Mit der Internetplattform will die Organisation Bürger dazu ermuntern, die Möglichkeiten zu nutzen, interessante und potenziell brisante interne Dokumente aus Bundesministerien und -behörden einzusehen. Das Bundes-Informationsfreiheitsgesetz trat 2006 in Kraft. Weitere Chancen ergeben sich auch aus dem Umwelt- und dem Verbraucherinformationsgesetz. Für die Ministerien und Behörden der Bundesländer gelten diese Regelungen nicht. Elf Länder haben inzwischen aber ebenfalls Informationsfreiheitsgesetze.

"Vielen Bürgerinnen und Bürgern sind die Möglichkeiten und Chancen der Bundesgesetze, nach denen Akteneinsicht beantragt werden kann, nicht bekannt", teilten die Betreiber zum Projektstart mit. Die Internetseite solle dazu beitragen, die Hürden für Anfragen zu senken. Zudem könne durch die zentrale Veröffentlichung eine größere Öffentlichkeit von den Anträgen profitieren, darüber hinaus würden Mehrfachanträge zu einem Thema vermieden.
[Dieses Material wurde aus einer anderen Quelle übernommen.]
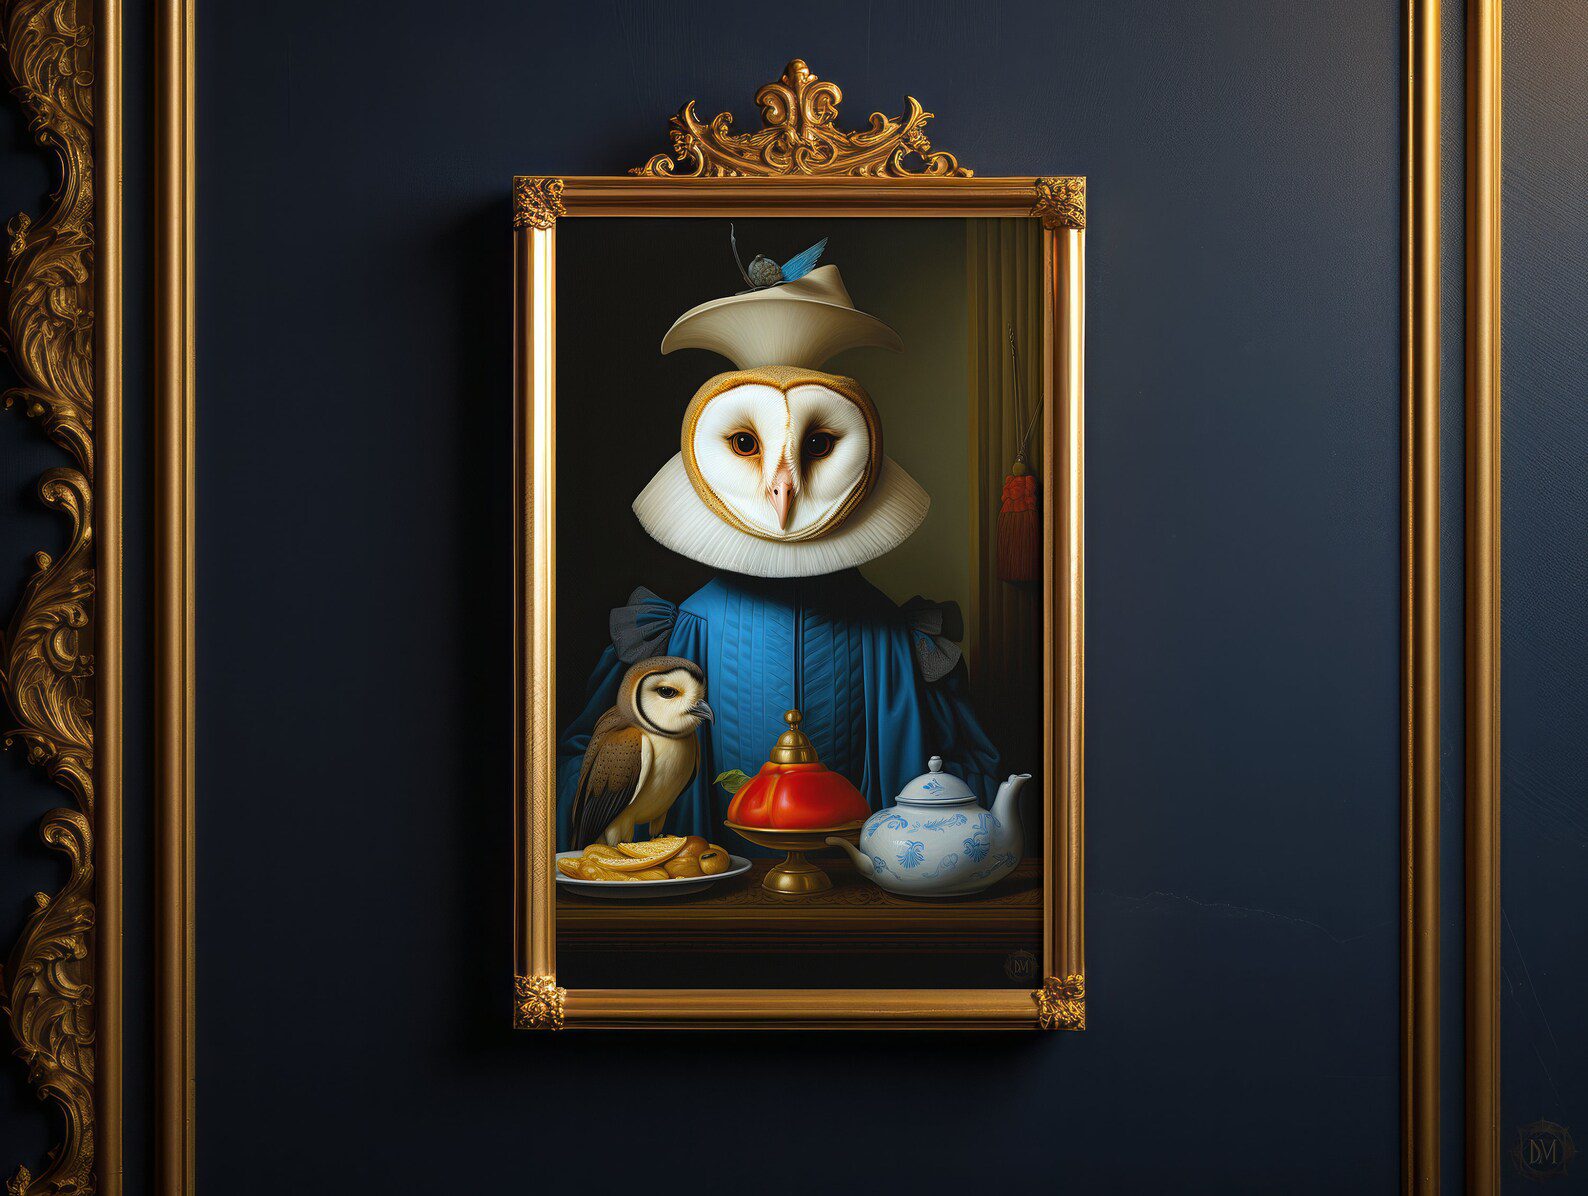 Dark Academia Prints Owl Painting of Printable Animal Art Print. The White Owl Wears Renaissance Fashion Outfit. Painting in the style of Johannes Vermeer Flemish Still life Dutch folk paintings.

Unterstützung erhält die Initiative der Open Knowledge Foundation von elf namhaften Organisationen und Vereinen. Darunter befinden sich Transparency International, die Initiative Mehr Demokratie, der Deutsche Journalisten-Verband und die Journalistenorganisation Netzwerk Recherche. "Mit Hilfe des Web lässt sich ein mächtiges, demokratisches Werkzeug wie die Informationsfreiheit optimal nutzen", erklärte Projektleiter Stefan Wehrmeyer.